A common perception is that ISDS consolidates “the power of large corporations at the expense of national sovereignty, and allow[s] corporations to bypass national judicial systems.” Some also fear that “ISDS could discourage governments from adopting regulations for public welfare in health, environment, labour and other areas. Investor claims also have a strong impact on the public exchequer, as the average cost of defending an investor claim is estimated at US$4.5 million.” The potential for regulatory discouragement is also described as the “chilling effect” of ISDS.
This legitimacy crisis has been acknowledged by the stakeholders of the ISDS system, and UNCITRAL Working Group III (WGIII or Working Group) has been considering various proposals to reform the system since 2017. The improvement of diversity in ISDS is one of the key areas of focus for the Working Group.
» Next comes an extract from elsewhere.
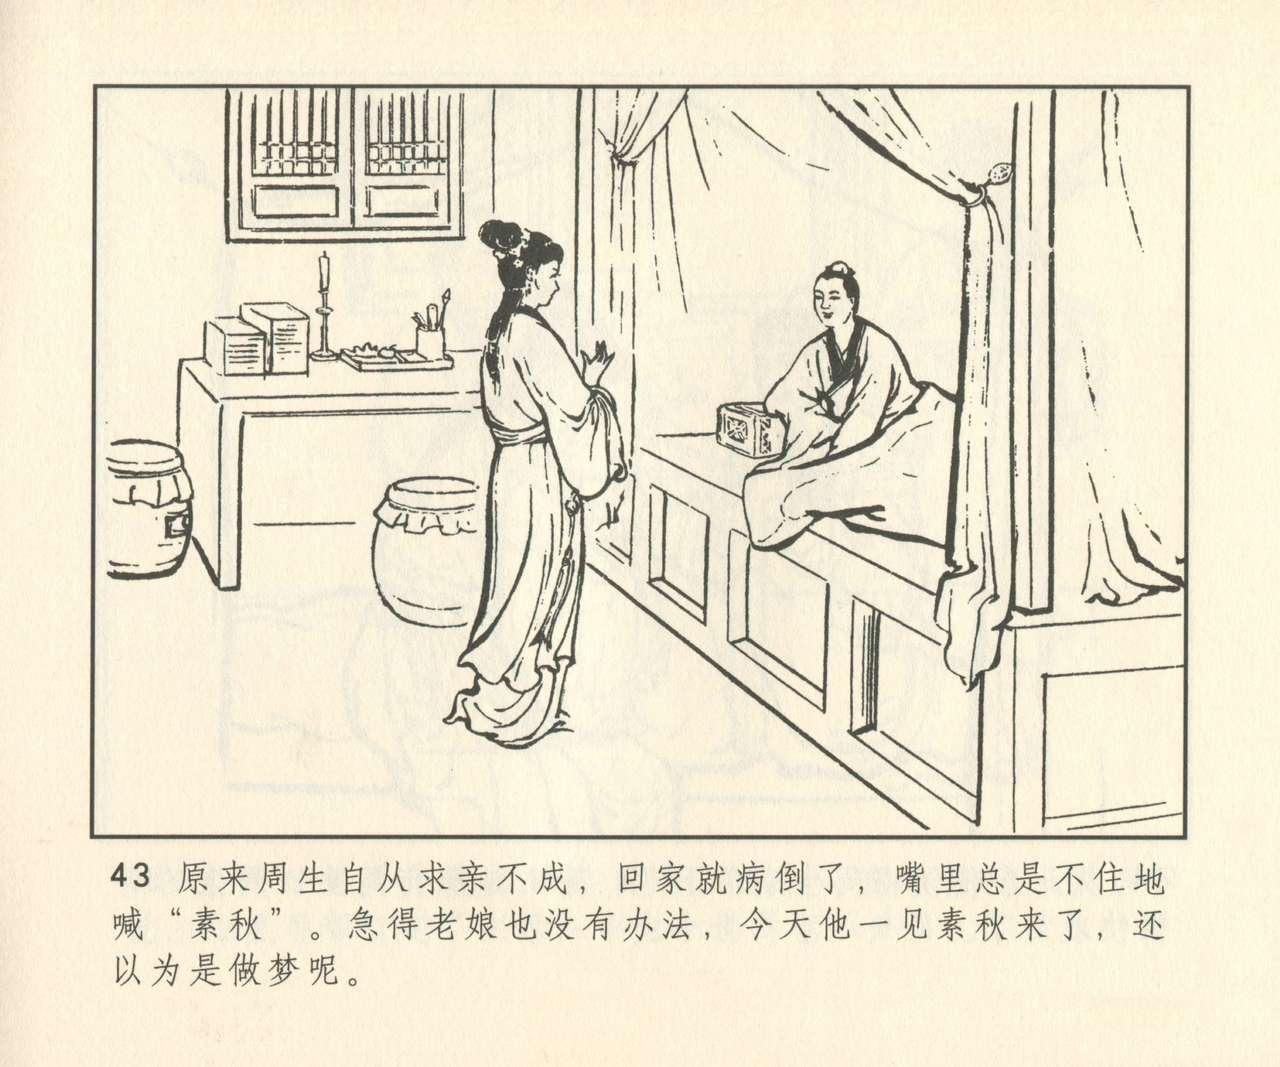 聊斋志异 张玮等绘 天津人民美术出版社 卷二十一 ~ 三十 323
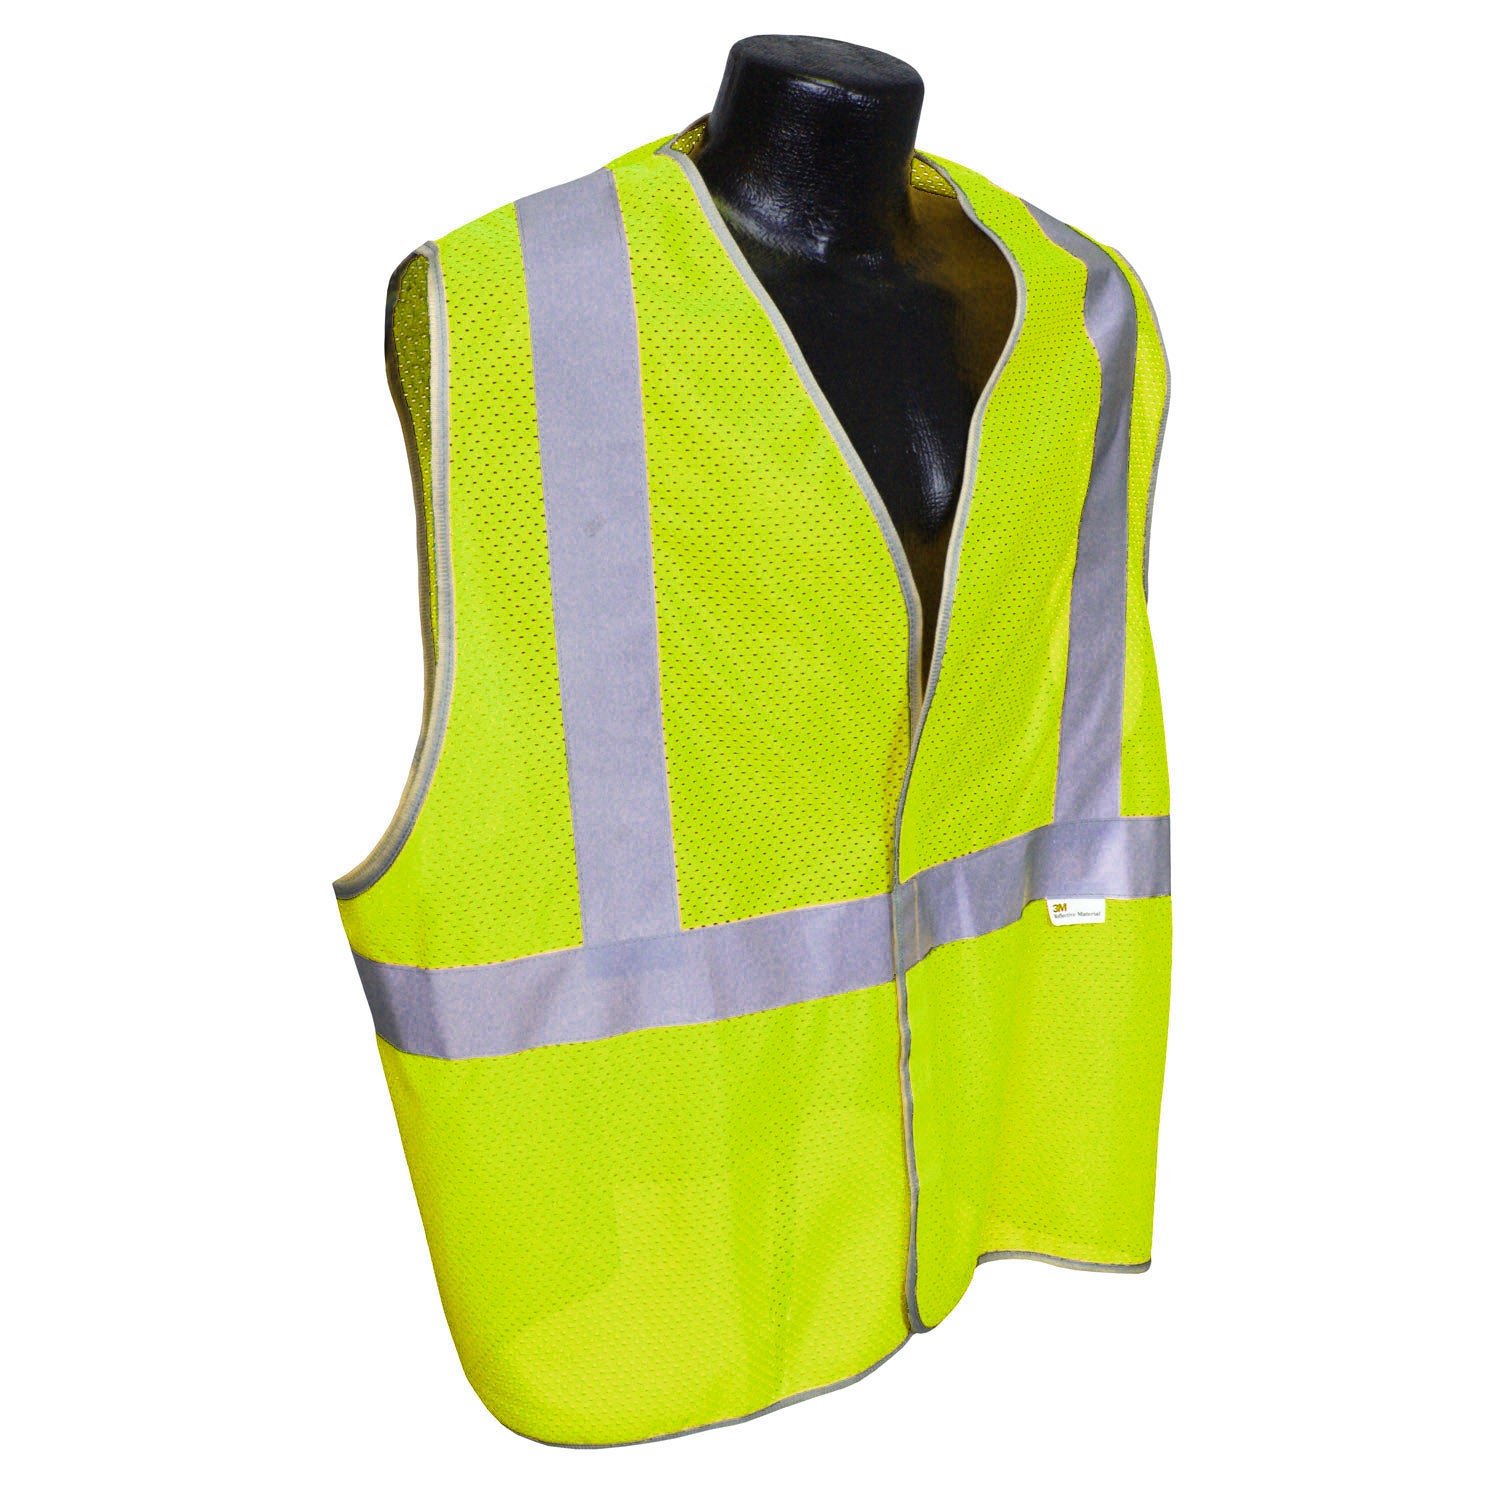 5ANSI-PC Type R Class 2 Safety Vest

In its 2018 draft report, the Working Group noted that “the current lack of diversity in decision makers in the field of ISDS contributed to undermine the legitimacy of the ISDS regime.”
In investor-state arbitration, arbitrators increasingly face questions regarding a State’s right to regulate and how this right is to be exercised with respect to foreign investors and investments. Since arbitrators appointed pursuant to the ISDS system are responsible for deciding questions that impact sovereign States in their domestic spheres, the identities of and extent to which tribunal members sitting in ISDS proceedings may be regarded as representative of the parties appearing before them have a crucial bearing on the perceived legitimacy of their decisions.
In this article, we focus on the need for diversity in investment treaty arbitration and explore the reasons for the lack of diversity in the area. We subsequently discuss existing initiatives to improve diversity and analyze the gaps that are not addressed by such initiatives. Last, we propose some recommendations for the way forward before our final concluding remarks.